Material provided:
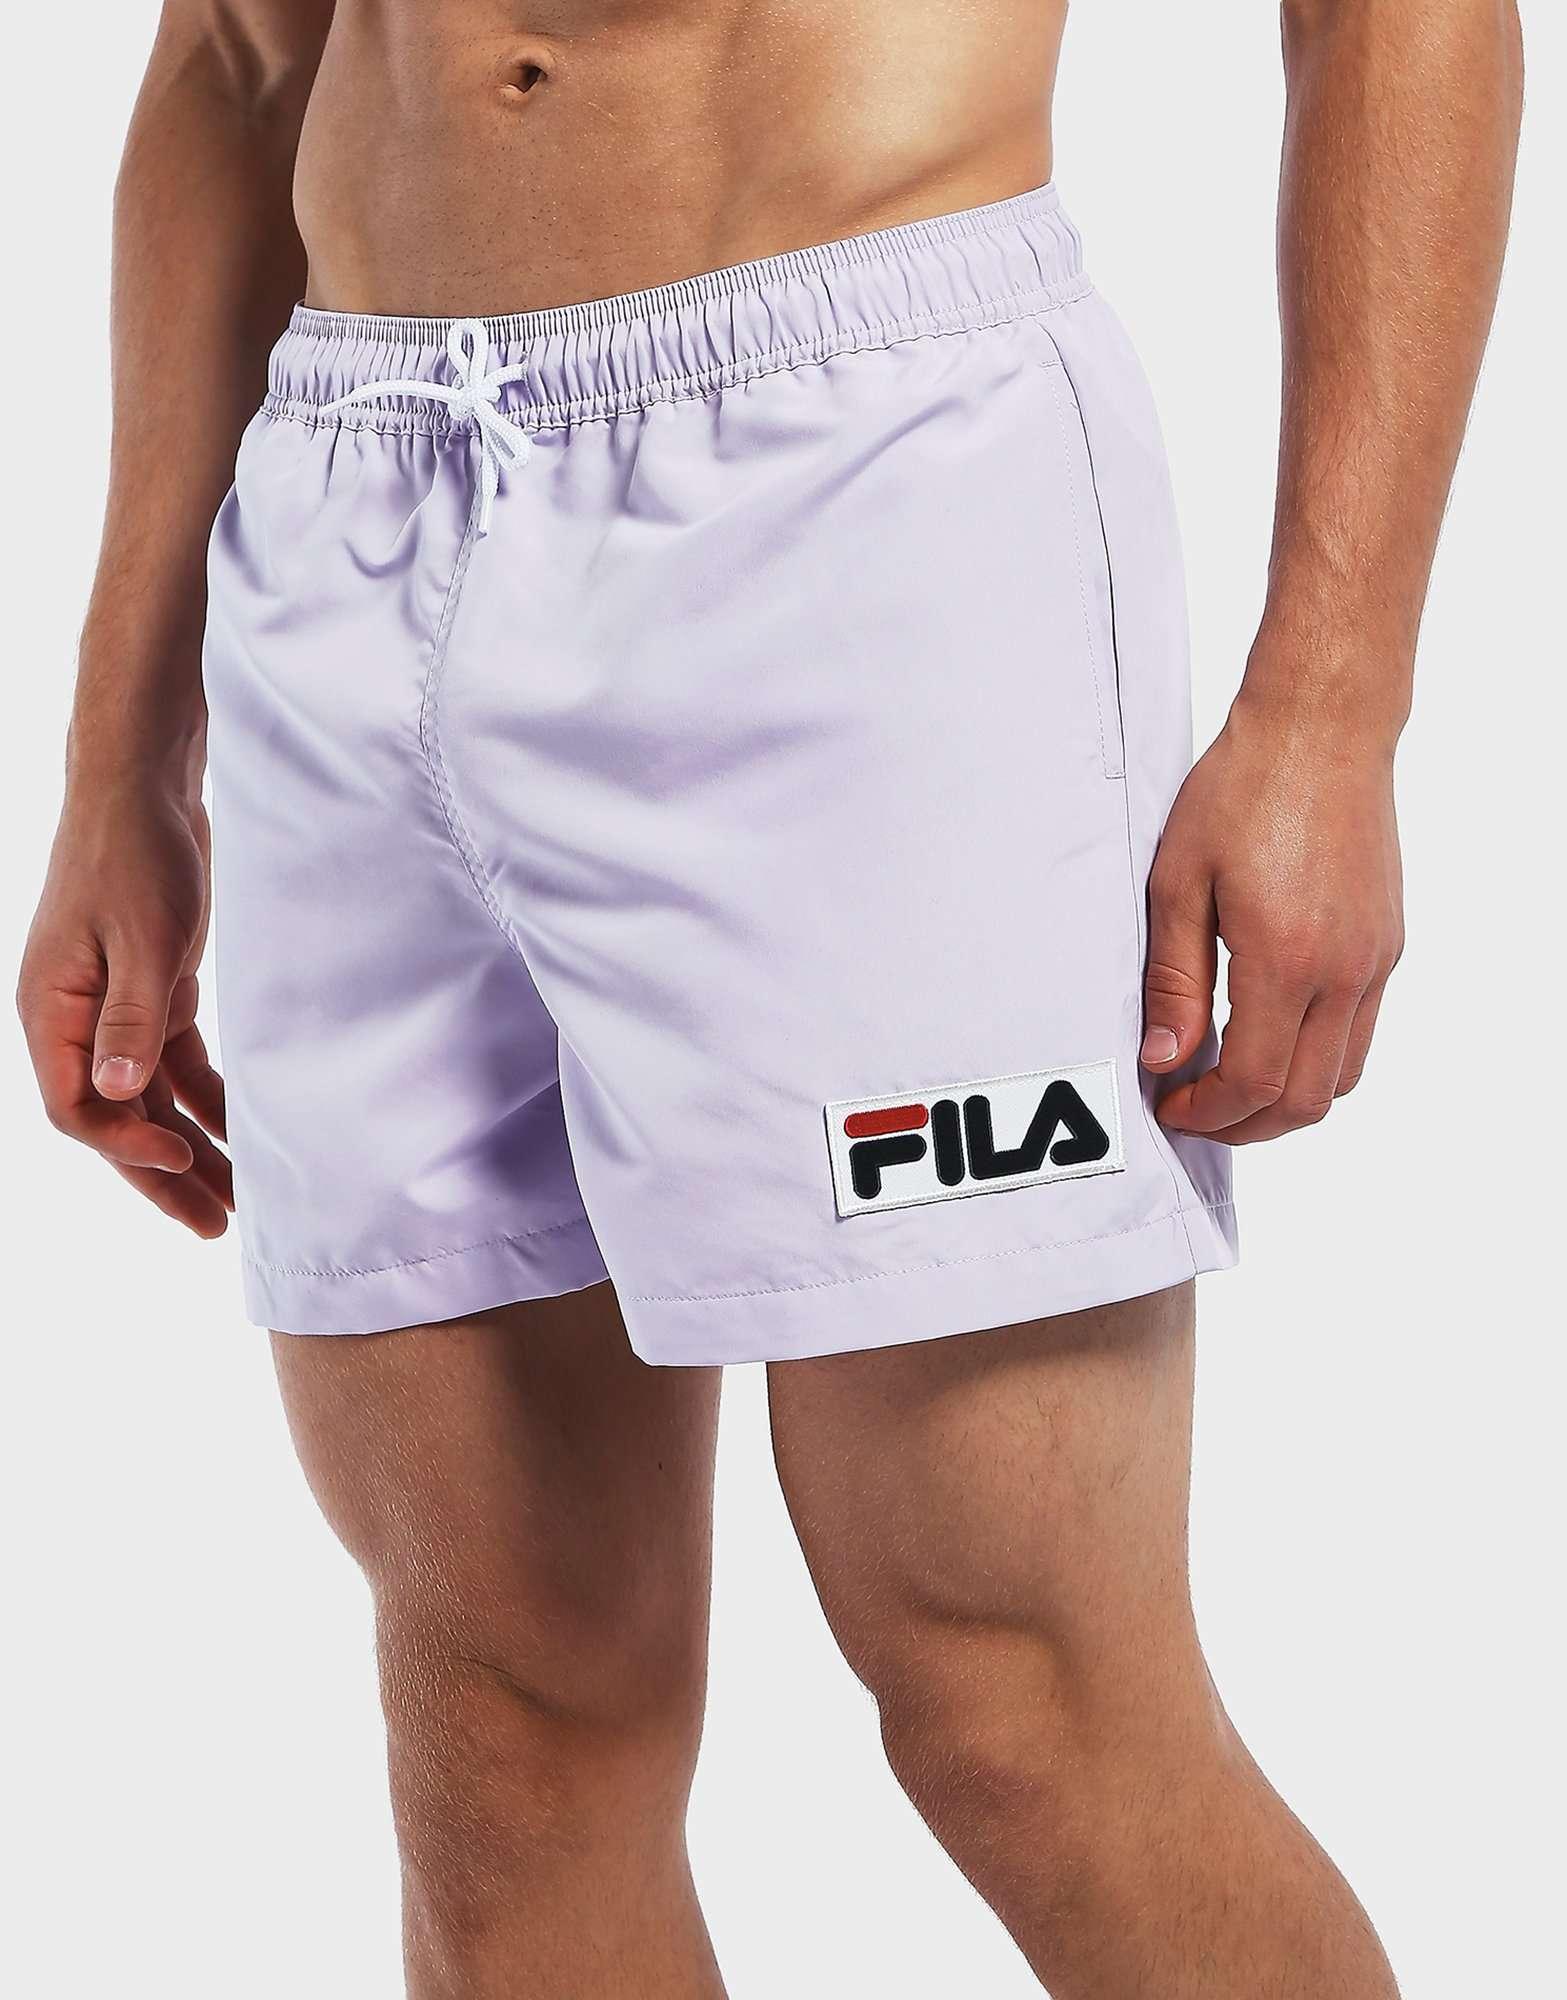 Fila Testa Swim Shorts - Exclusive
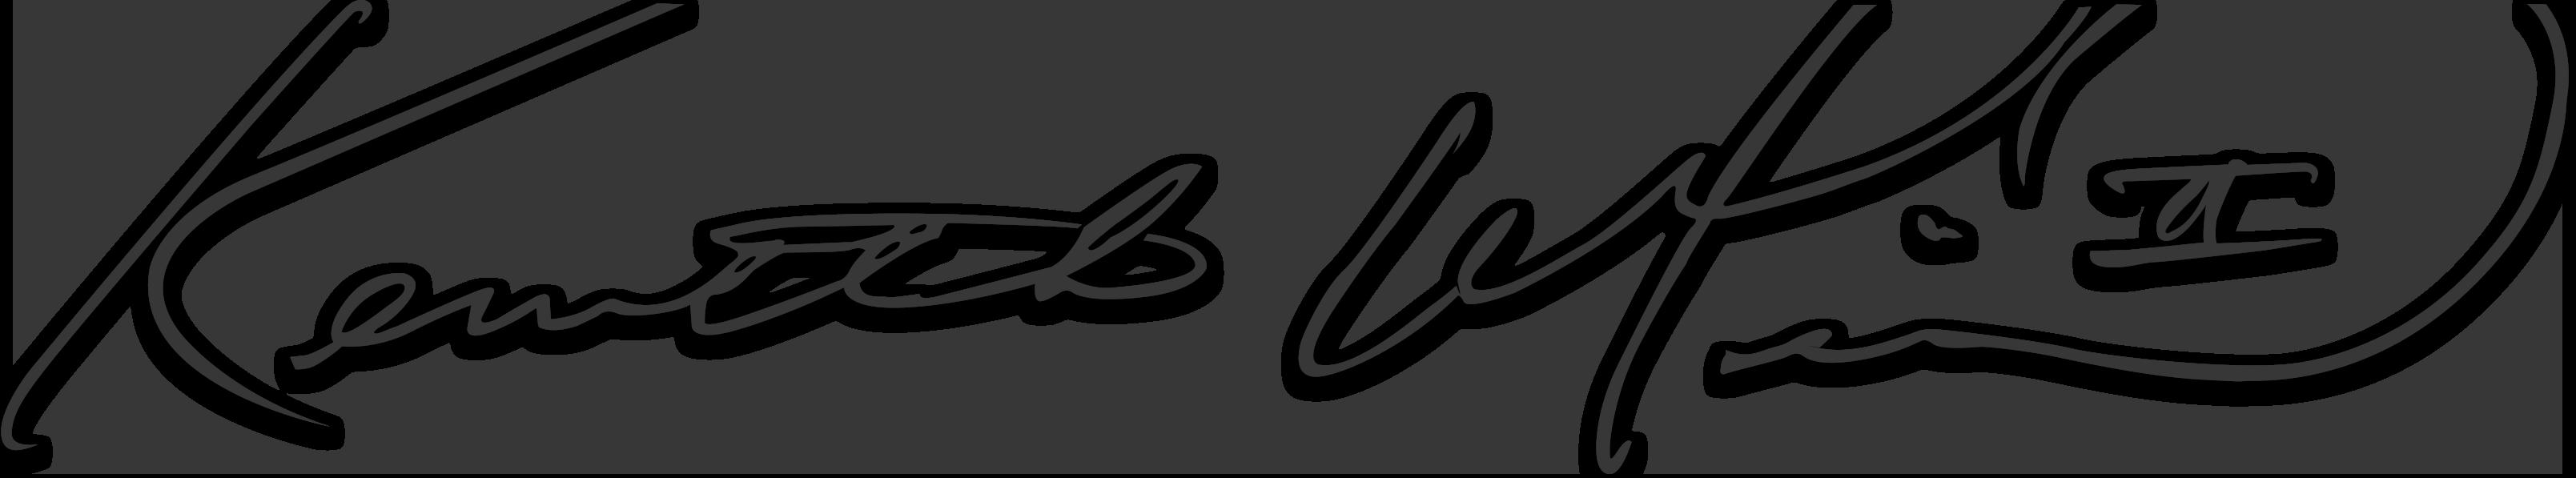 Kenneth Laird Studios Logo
...
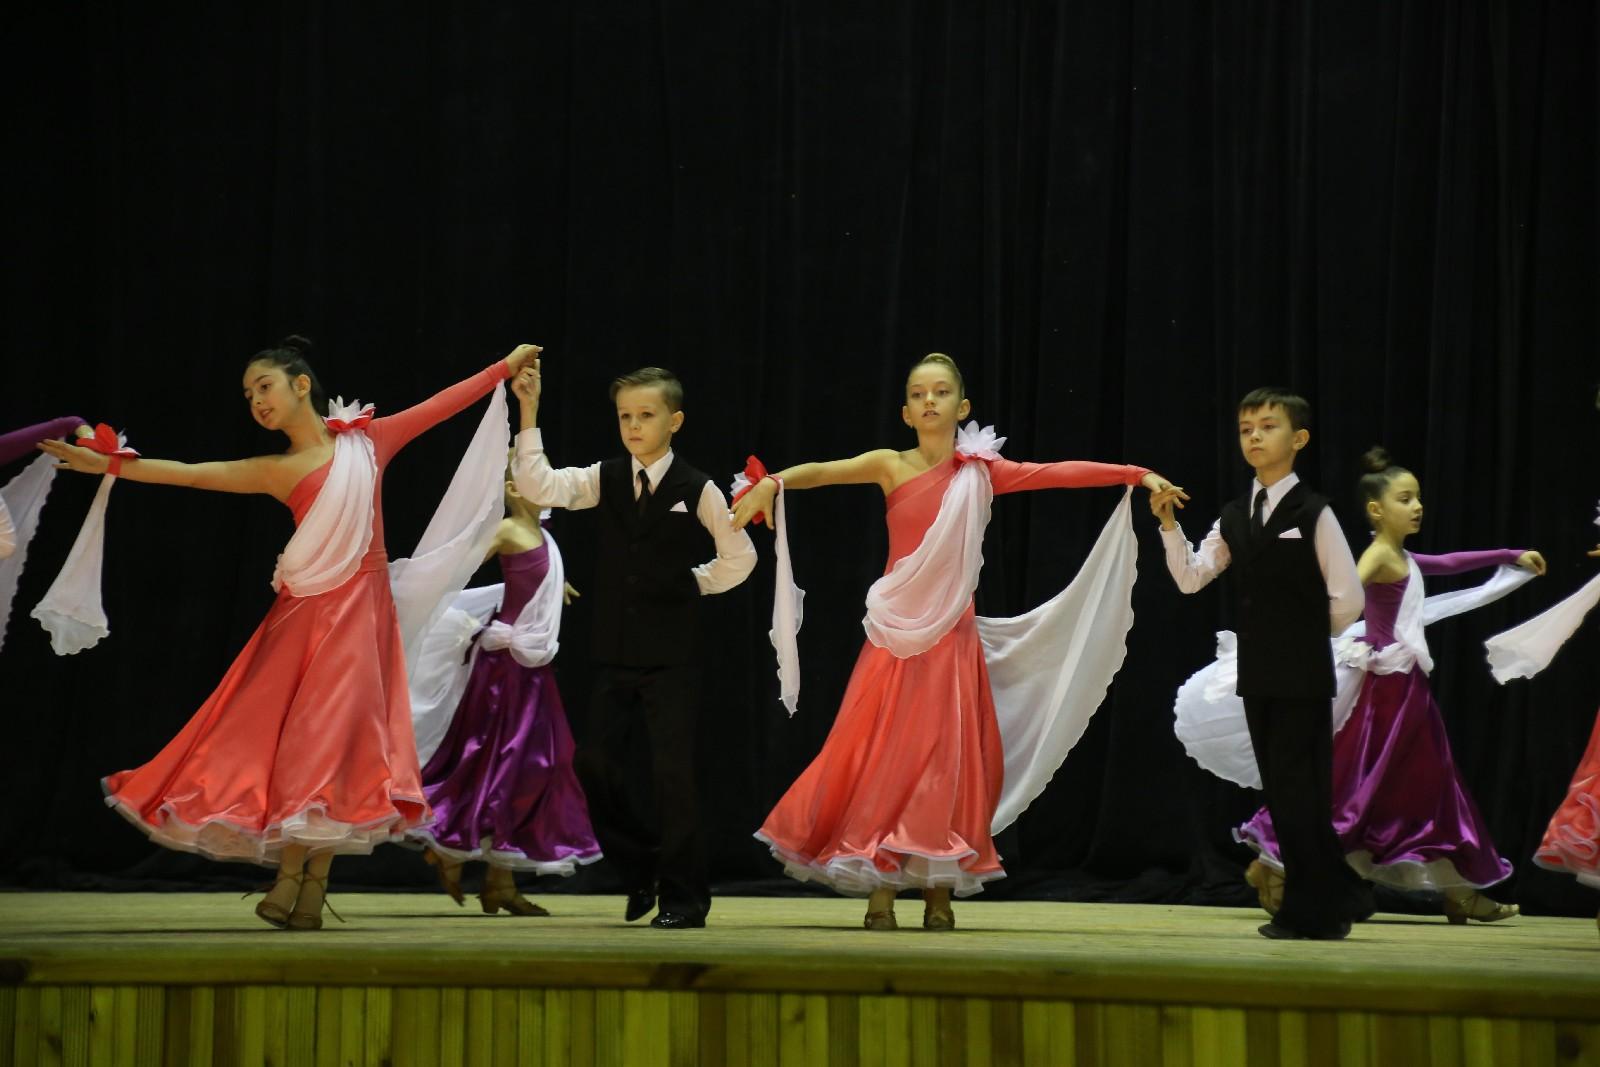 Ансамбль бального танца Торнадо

What is being asked: Your answer must be the exact lines from the records above, from the one containing "Fila Testa Swim Shorts - Exclusive" through the one containing "Kenneth Laird Studios Logo", both included, with every picture left out.

Your response:
 Fila Testa Swim Shorts - Exclusive
 Kenneth Laird Studios Logo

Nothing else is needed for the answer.